Yep that is all good. I was just wondering of pthread_attr_setstacksize
did any sanity checking of big values and returned EINVAL - but it seems
not.
>>
>> On 21/03/2017 9:29 AM, Chris Plummer wrote:
>>> http://cr.openjdk.java.net/~cjplummer/8176768/webrev.02/webrev.hotspot
>>>
>>> Here's what's changed since webrev.01:
>>>
>>> os_posix.cpp: In os::Posix::get_initial_stack_size(), first round up the
>>> stack size to be paged aligned. This fixes issues on Mac OS X (other
>>> platforms seem to be immune to this). Then check if the size is zero
>>> after rounding up to the page size. Subtract the page size in this case
>>> to produce the maximum stack size allowed. Surprisingly I got no
>>> complaint from gcc for subtracting from an unsigned value that is known
>>> to be 0.
>>
>> I'm a little surprised at that too. :)
>>
>>> os_linux.cpp: In os::create_thread(), I also check here to make sure the
>>> size is not 0 after adding the guard page and aligning up, and subtract
>>> the os page size if it is 0.
>>
>> What if adding the guard page and rounding up causes overflow so that
>> we get a very small positive stack size?

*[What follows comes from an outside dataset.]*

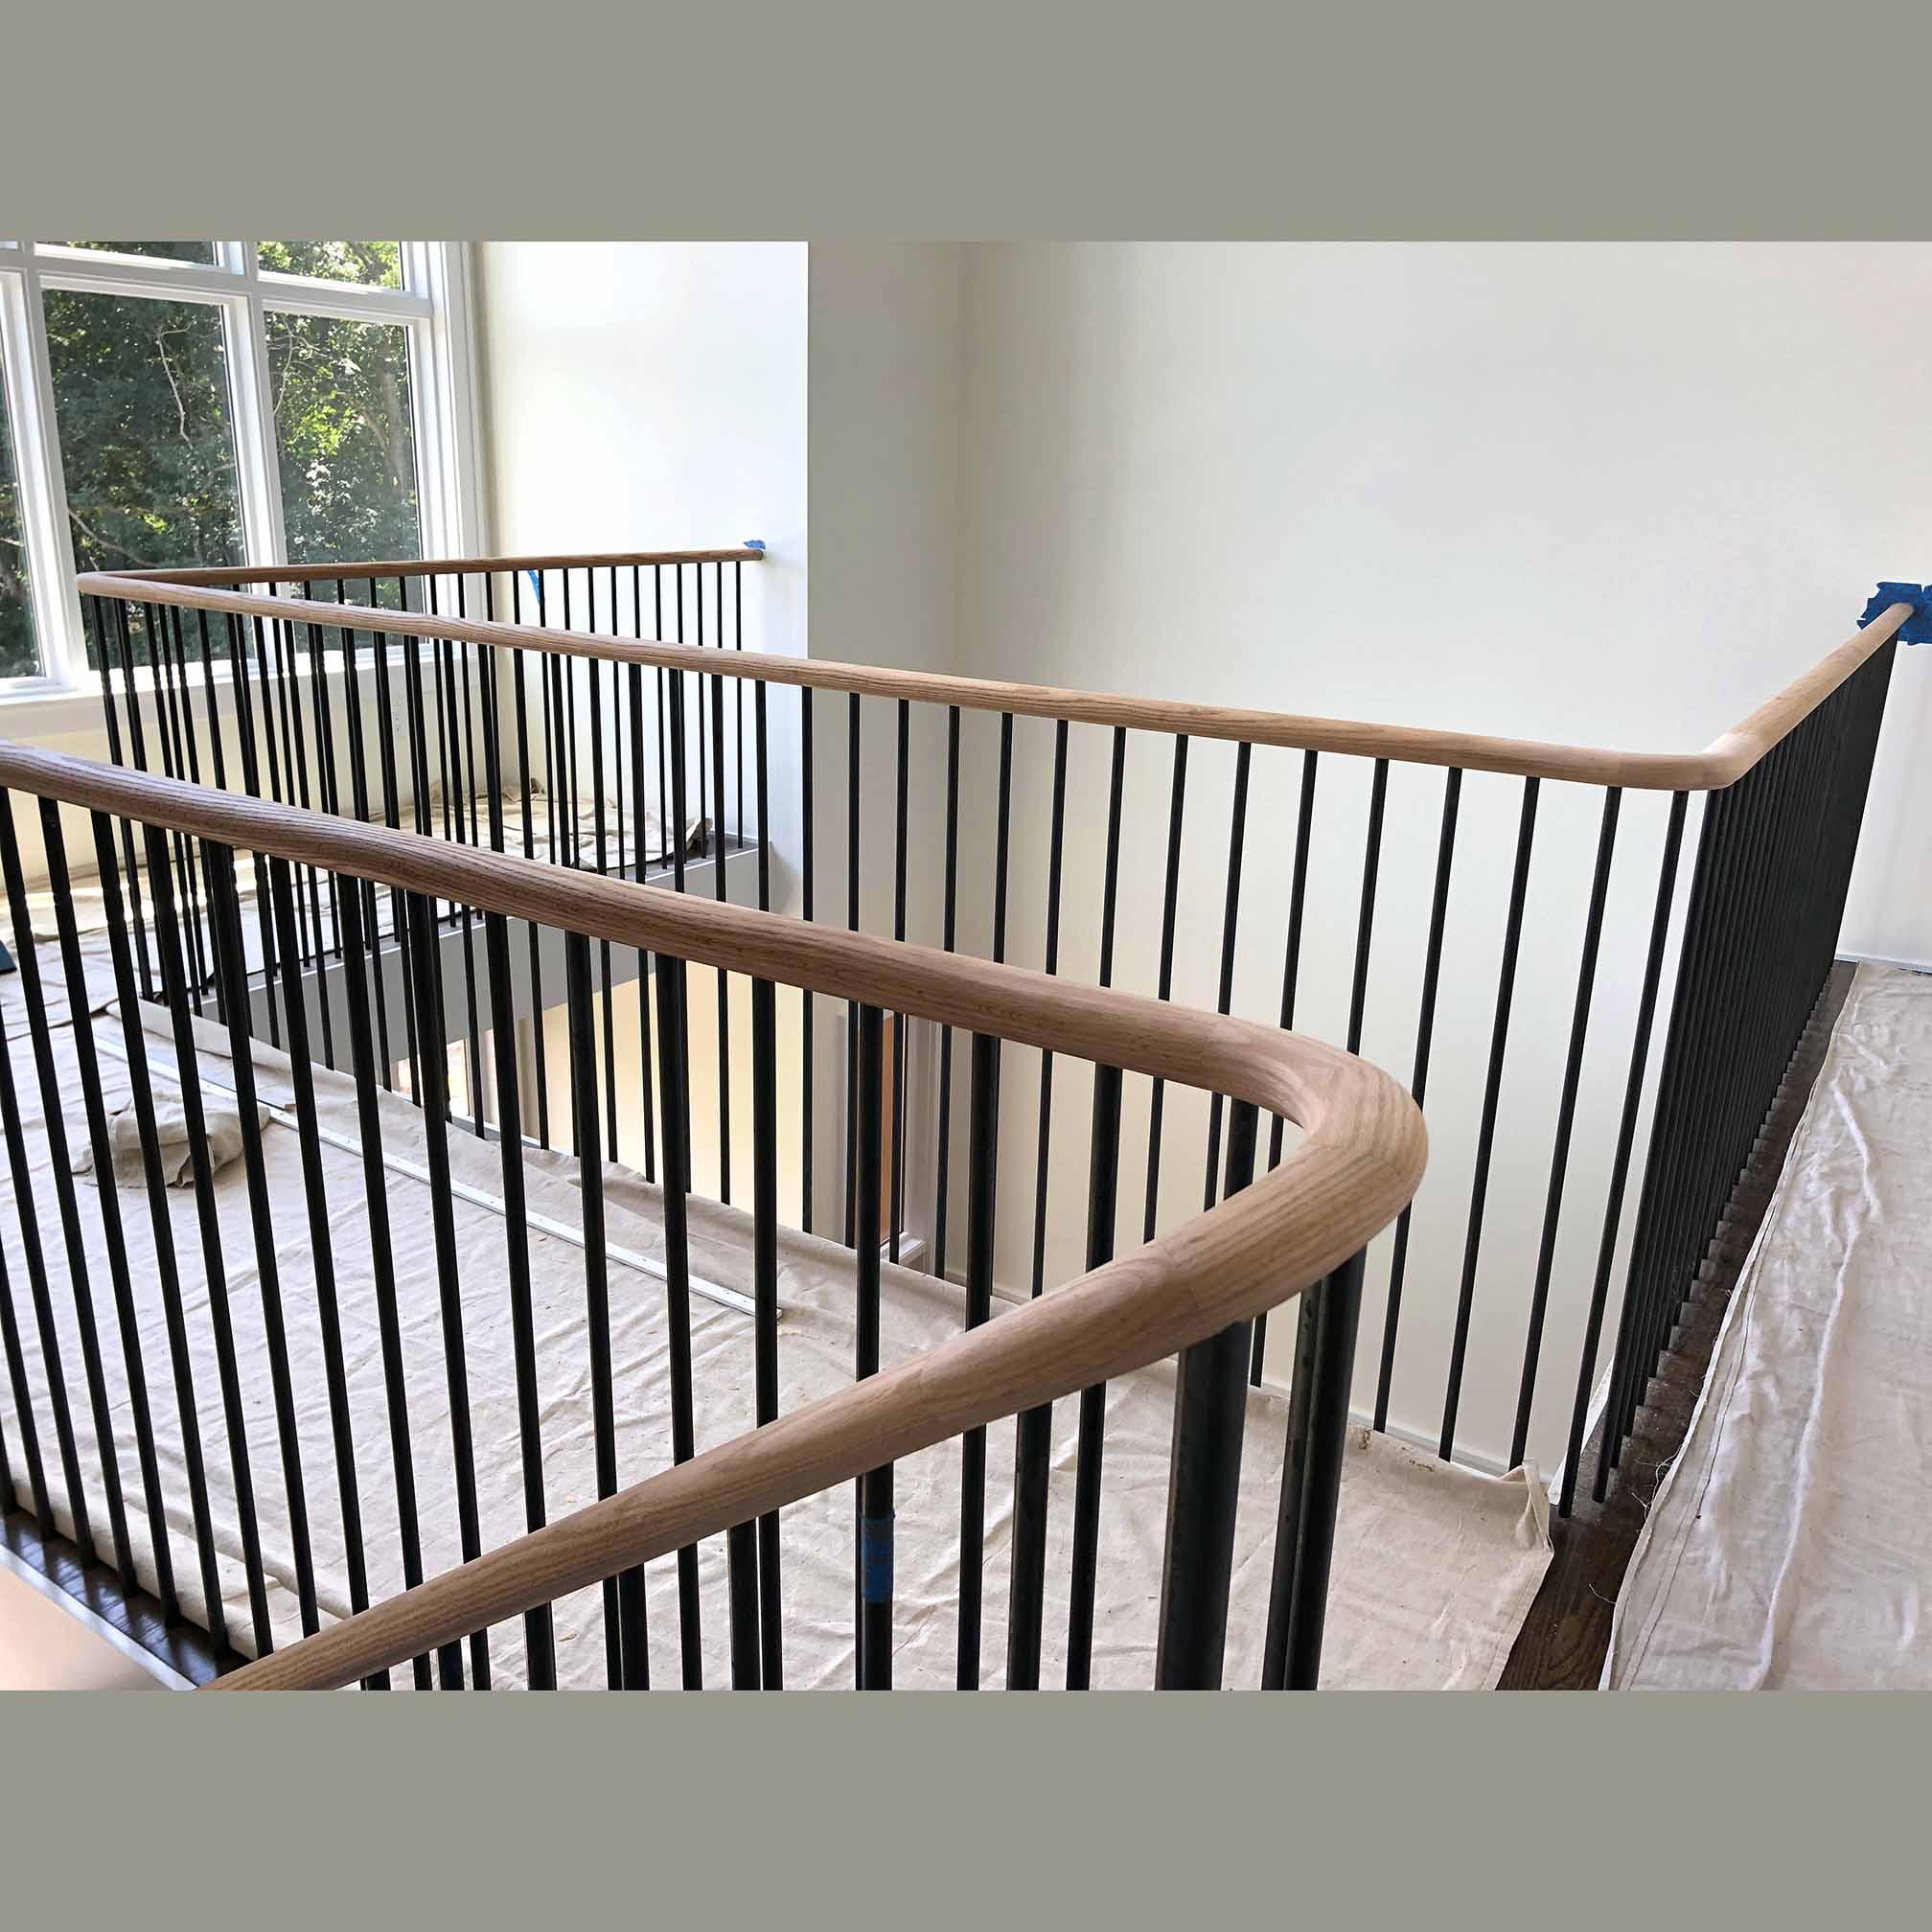 handrail_3.jpg

> We already know the stack size is os page aligned up before getting
> here, so actually we could just add the guard page and not align up. You
> would get the same result.
So we can get rid of the align_up here:
727 stack_size = align_size_up(stack_size +
os::Linux::default_guard_size(thr_type), vm_page_size());
But are we assuming the guard page is always one virtual-memory page? Or
put another way: what is the difference between page_size() and
vm_page_size() ?
Thanks,
David
-----
>>
>>> jvm.c: In JVM_StartThread(), on 32-bit platforms if the size is greater
>>> than UINT_MAX, then I set the size to UINT_MAX. Note it will later be
>>> rounded up to 0 in os::Posix::get_initial_stack_size(), which will
>>> result in subtracting the os page size to get the actual maximum allowed
>>> stack size.
>>
>> Good catch!
>>
>> Nit: "-Avoid" -> "- Avoid"
> Ok.
>>
>>>
>>> TooSmallStackSize.java: added test case for unaligned stack sizes.
>>
>> Ok.
>>
>>> TestThreadStackSizes.java: New test. Creates new threads with every size
>>> up to 320k in 1k increments. Then creates threads with a few other sizes
>>> that can be problematic.
>>
>> So this test never actually fails as long as the VM doesn't crash - is
>> that right?
> Yes.
>>
>> 27 * @modules java.base/jdk.internal.misc
>> 28 * @library /test/lib
>>
>> The above are not needed by this test.
> Ok.
>
> thanks,
>
> Chris
>>
>> Thanks,
>> David
>>
>>> thanks,
>>>
>>> Chris
>>>> Chris
>>>>
>>>>
>>>>>>
>>>>>>> public Thread(ThreadGroup group, Runnable target, String name,
>>>>>>> long stackSize) {
>>>>>>> init(group, target, name, stackSize);
>>>>>>> }
>>>>>>>
>>>>>>> Fortunately we already force the stackSize to be at least
>>>>>>> _java_thread_min_stack_allowed. However, we don't do any OS page
>>>>>>> rounding on Mac OS X as noted above, and I was able to trigger the
>>>>>>> assert by creating a thread with size 257k.
>>>>>>
>>>>>> Note this means that OSX stack logic is broken because it will
>>>>>> currently be silently failing due to EINVAL!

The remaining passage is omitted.